— WORK TO BE COMPLETED —
Restate the data below word for word. Leave the images out.
(Beginning of DATA)
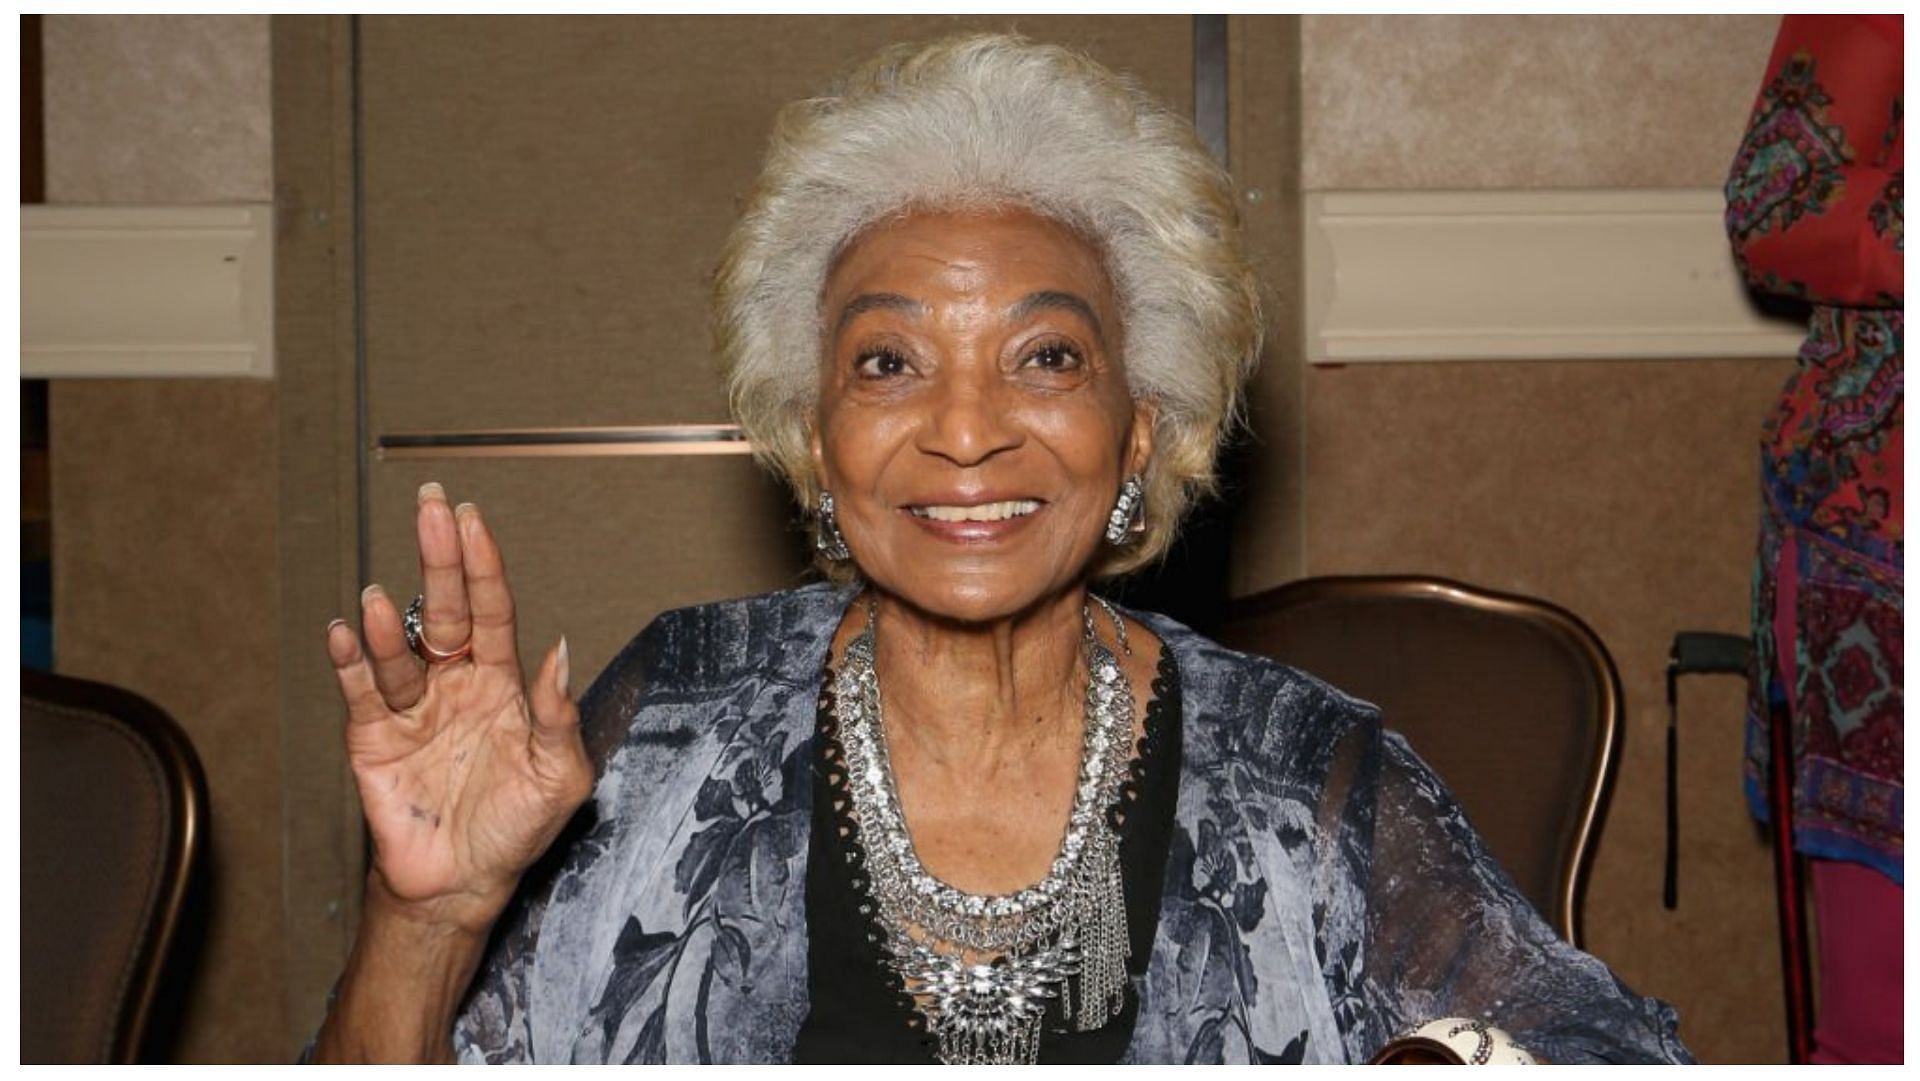 Nichelle Nichols earned a lot from her career in the entertainment industry (Image via Gabe Ginsberg/Getty Images)
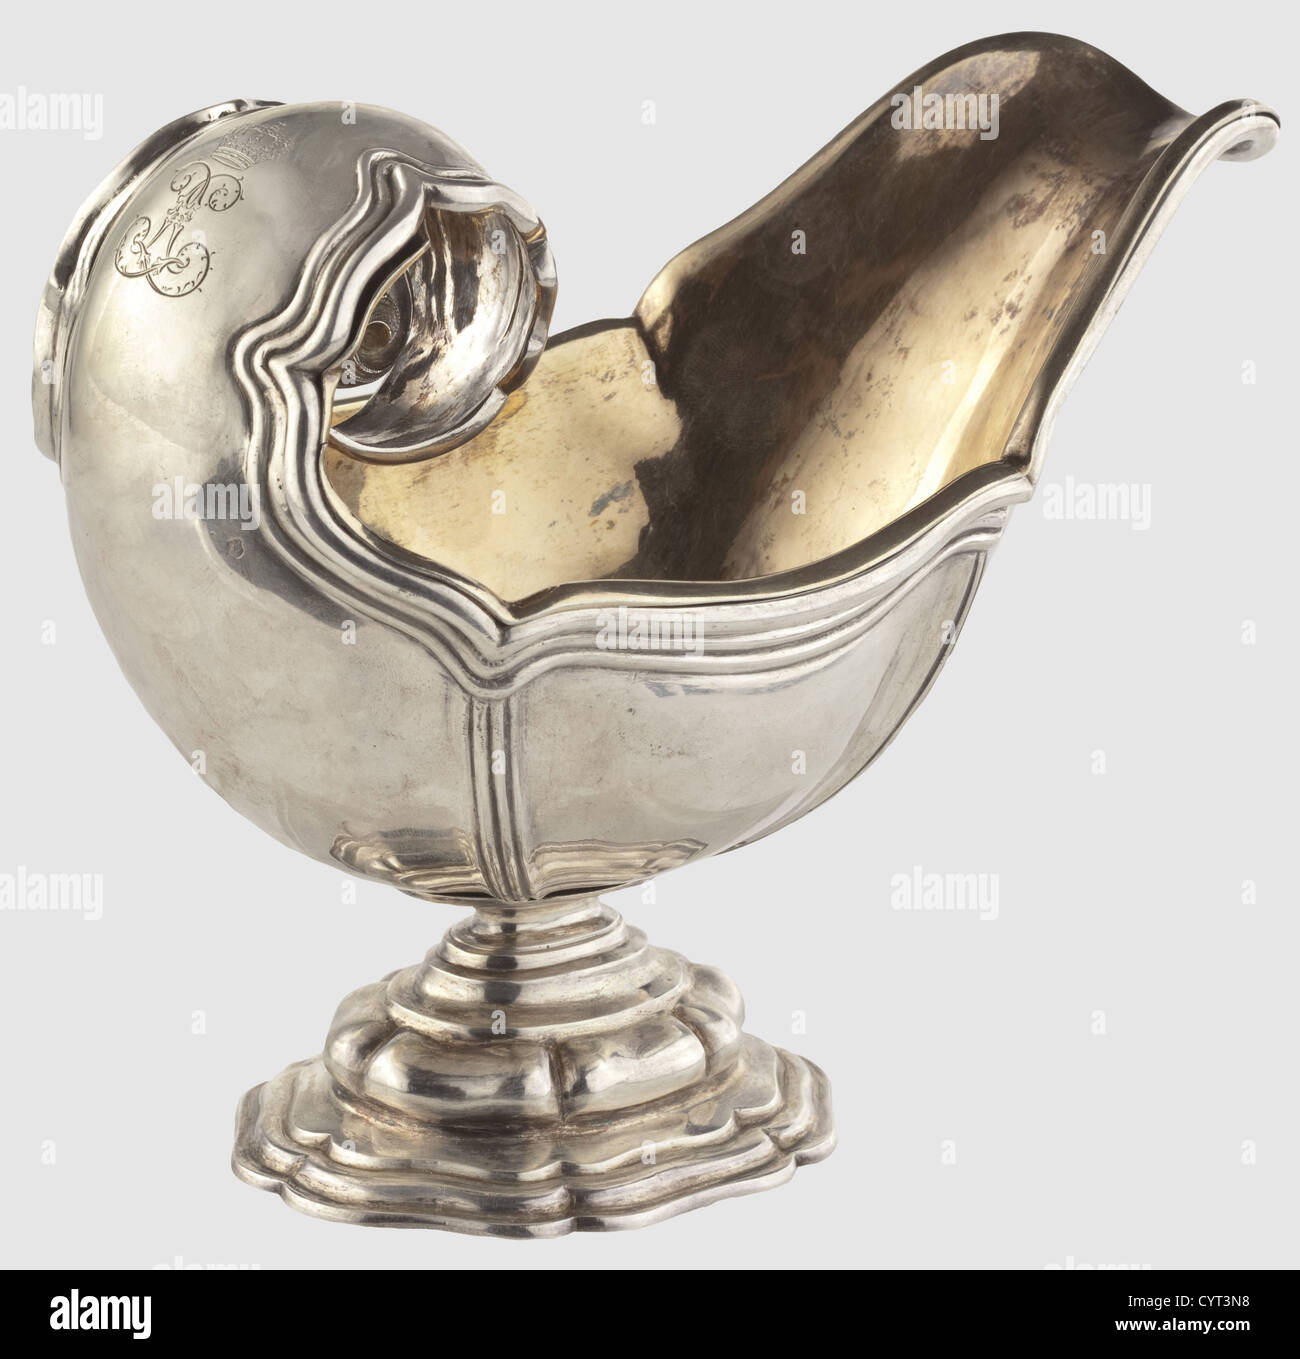 King Ludwig II of Bavaria(1845 - 1886),a silver sauce boat from the King's table service By Court Jeweller Eduard Wollenweber,Munich around 1870/80.Silver with triple banded rim decoration and an incurved handle stamped with decorative leaves.There is a mirror monogram 'L' beneath a Bavarian royal crown,resembling the monogram of the Sun King Louis XIV,engraved on the back of the grip.Gilt silver,turned under insert(loose at one point).'Wollenweber' masters mark and the 'Münchner Kindl' hallmark.The stepped base is marked 'E.W.' and has another City,Additional-Rights-Clearences-Not Available Stock Photo
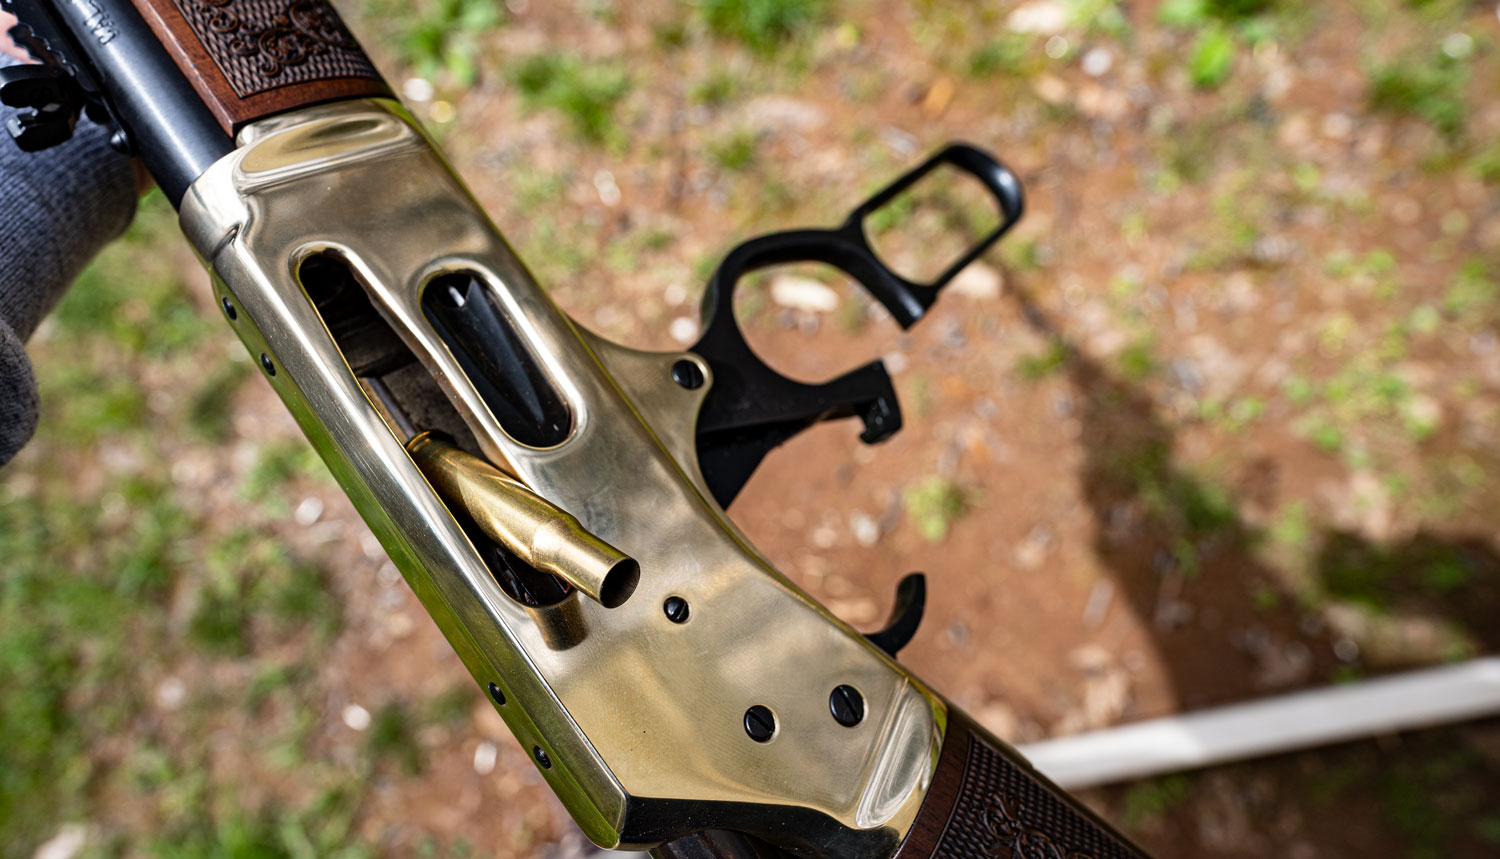 Hornady casing being ejected from a lever action rifle
(End of DATA)
— WRITTEN SOLUTION —
 Nichelle Nichols earned a lot from her career in the entertainment industry (Image via Gabe Ginsberg/Getty Images)
 King Ludwig II of Bavaria(1845 - 1886),a silver sauce boat from the King's table service By Court Jeweller Eduard Wollenweber,Munich around 1870/80.Silver with triple banded rim decoration and an incurved handle stamped with decorative leaves.There is a mirror monogram 'L' beneath a Bavarian royal crown,resembling the monogram of the Sun King Louis XIV,engraved on the back of the grip.Gilt silver,turned under insert(loose at one point).'Wollenweber' masters mark and the 'Münchner Kindl' hallmark.The stepped base is marked 'E.W.' and has another City,Additional-Rights-Clearences-Not Available Stock Photo
 Hornady casing being ejected from a lever action rifle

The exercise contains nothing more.